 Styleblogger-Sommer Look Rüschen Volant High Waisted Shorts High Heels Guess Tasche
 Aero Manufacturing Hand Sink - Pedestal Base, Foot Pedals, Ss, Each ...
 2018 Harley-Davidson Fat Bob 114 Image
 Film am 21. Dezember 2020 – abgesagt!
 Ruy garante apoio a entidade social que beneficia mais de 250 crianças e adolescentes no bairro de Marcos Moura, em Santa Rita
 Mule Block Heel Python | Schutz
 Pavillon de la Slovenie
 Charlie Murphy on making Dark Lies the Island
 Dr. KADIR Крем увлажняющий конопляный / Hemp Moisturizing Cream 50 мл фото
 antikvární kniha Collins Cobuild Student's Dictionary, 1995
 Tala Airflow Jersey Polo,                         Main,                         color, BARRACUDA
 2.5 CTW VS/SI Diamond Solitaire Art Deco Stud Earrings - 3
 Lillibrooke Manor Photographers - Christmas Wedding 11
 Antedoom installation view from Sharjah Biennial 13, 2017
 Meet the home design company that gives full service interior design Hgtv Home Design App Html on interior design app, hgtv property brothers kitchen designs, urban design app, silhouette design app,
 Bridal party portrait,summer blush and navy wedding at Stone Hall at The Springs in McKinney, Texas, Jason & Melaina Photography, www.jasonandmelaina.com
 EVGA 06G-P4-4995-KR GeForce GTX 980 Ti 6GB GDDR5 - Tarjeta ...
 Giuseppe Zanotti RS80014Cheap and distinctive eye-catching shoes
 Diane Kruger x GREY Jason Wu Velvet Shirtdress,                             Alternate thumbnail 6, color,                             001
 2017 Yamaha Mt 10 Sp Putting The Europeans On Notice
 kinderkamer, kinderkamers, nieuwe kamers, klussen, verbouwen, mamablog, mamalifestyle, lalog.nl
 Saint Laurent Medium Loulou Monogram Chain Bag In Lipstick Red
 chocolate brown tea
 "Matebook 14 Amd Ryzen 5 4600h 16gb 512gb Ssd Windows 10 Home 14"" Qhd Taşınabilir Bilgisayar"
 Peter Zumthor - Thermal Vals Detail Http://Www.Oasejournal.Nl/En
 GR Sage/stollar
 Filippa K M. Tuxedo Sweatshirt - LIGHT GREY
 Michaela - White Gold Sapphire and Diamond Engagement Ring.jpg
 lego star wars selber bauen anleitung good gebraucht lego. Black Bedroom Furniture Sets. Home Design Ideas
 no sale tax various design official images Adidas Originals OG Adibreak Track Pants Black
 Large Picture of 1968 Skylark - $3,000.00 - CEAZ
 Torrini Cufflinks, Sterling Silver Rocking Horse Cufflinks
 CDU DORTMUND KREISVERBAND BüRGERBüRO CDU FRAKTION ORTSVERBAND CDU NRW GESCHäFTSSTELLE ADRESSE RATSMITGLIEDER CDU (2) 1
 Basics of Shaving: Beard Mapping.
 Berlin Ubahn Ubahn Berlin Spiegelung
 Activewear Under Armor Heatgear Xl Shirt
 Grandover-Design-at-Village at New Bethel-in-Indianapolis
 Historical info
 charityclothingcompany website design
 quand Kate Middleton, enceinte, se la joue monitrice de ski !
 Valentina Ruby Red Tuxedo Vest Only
====
**Activity:**
Exactly the lines from the one containing "Lillibrooke Manor Photographers" through the end of the listing above, inclusive, are to be written out, and no others.

**Your response:**
 Lillibrooke Manor Photographers - Christmas Wedding 11
 Antedoom installation view from Sharjah Biennial 13, 2017
 Meet the home design company that gives full service interior design Hgtv Home Design App Html on interior design app, hgtv property brothers kitchen designs, urban design app, silhouette design app,
 Bridal party portrait,summer blush and navy wedding at Stone Hall at The Springs in McKinney, Texas, Jason & Melaina Photography, www.jasonandmelaina.com
 EVGA 06G-P4-4995-KR GeForce GTX 980 Ti 6GB GDDR5 - Tarjeta ...
 Giuseppe Zanotti RS80014Cheap and distinctive eye-catching shoes
 Diane Kruger x GREY Jason Wu Velvet Shirtdress,                             Alternate thumbnail 6, color,                             001
 2017 Yamaha Mt 10 Sp Putting The Europeans On Notice
 kinderkamer, kinderkamers, nieuwe kamers, klussen, verbouwen, mamablog, mamalifestyle, lalog.nl
 Saint Laurent Medium Loulou Monogram Chain Bag In Lipstick Red
 chocolate brown tea
 "Matebook 14 Amd Ryzen 5 4600h 16gb 512gb Ssd Windows 10 Home 14"" Qhd Taşınabilir Bilgisayar"
 Peter Zumthor - Thermal Vals Detail Http://Www.Oasejournal.Nl/En
 GR Sage/stollar
 Filippa K M. Tuxedo Sweatshirt - LIGHT GREY
 Michaela - White Gold Sapphire and Diamond Engagement Ring.jpg
 lego star wars selber bauen anleitung good gebraucht lego. Black Bedroom Furniture Sets. Home Design Ideas
 no sale tax various design official images Adidas Originals OG Adibreak Track Pants Black
 Large Picture of 1968 Skylark - $3,000.00 - CEAZ
 Torrini Cufflinks, Sterling Silver Rocking Horse Cufflinks
 CDU DORTMUND KREISVERBAND BüRGERBüRO CDU FRAKTION ORTSVERBAND CDU NRW GESCHäFTSSTELLE ADRESSE RATSMITGLIEDER CDU (2) 1
 Basics of Shaving: Beard Mapping.
 Berlin Ubahn Ubahn Berlin Spiegelung
 Activewear Under Armor Heatgear Xl Shirt
 Grandover-Design-at-Village at New Bethel-in-Indianapolis
 Historical info
 charityclothingcompany website design
 quand Kate Middleton, enceinte, se la joue monitrice de ski !
 Valentina Ruby Red Tuxedo Vest Only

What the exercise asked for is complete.